- Born: February 22, 1995 (age 30) Stockholm, Sweden
- Height: 5 ft 11 in (180 cm)
- Weight: 168 lb (76 kg; 12 st 0 lb)
- Position: Right wing
- Shoots: Right
- Liiga team Former teams: JYP Jyväskylä Brynäs IF Växjö Lakers Linköping HC Malmö Redhawks
- Playing career: 2013–present

= Adam Brodecki (ice hockey) =

Swedish professional ice hockey player

Adam Brodecki (born February 22, 1995) is a Swedish professional ice hockey player. He is currently playing for the JYP Jyväskylä of the Finnish Liiga.

==Playing career==
Brodecki made his Swedish Hockey League debut playing with Brynäs IF during the 2013–14 SHL season.

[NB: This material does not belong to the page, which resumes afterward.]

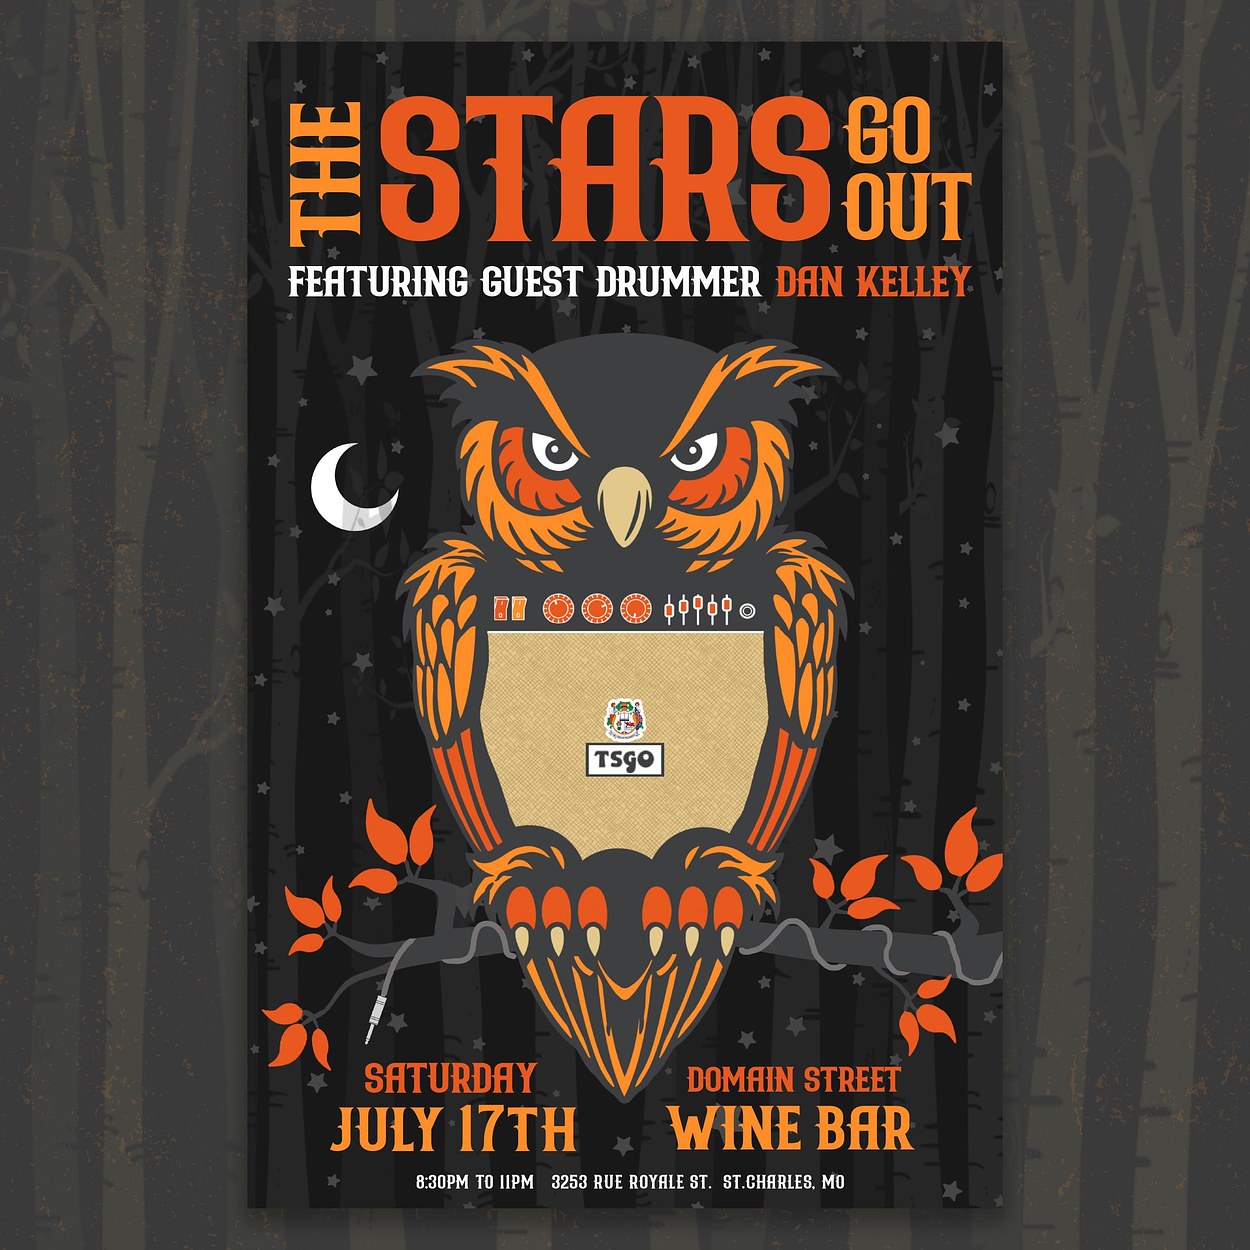 The Stars Go Out - Domain Street Show Poster

He returned for a second stint with Brynäs IF after three seasons with Växjö Lakers and Linköping HC, signing a one-year deal for the 2019–20 season on 26 August 2019. In his return, Brodecki contributed with 6 goals and 14 points in 37 games before he left the club mid-season in a trade with the Malmö Redhawks while agreeing to a two-year contract extension on 10 February 2020.

On 3 September 2021, Brodecki left the SHL after eight seasons and signed a one-year deal with Finnish Liiga club, JYP Jyväskylä.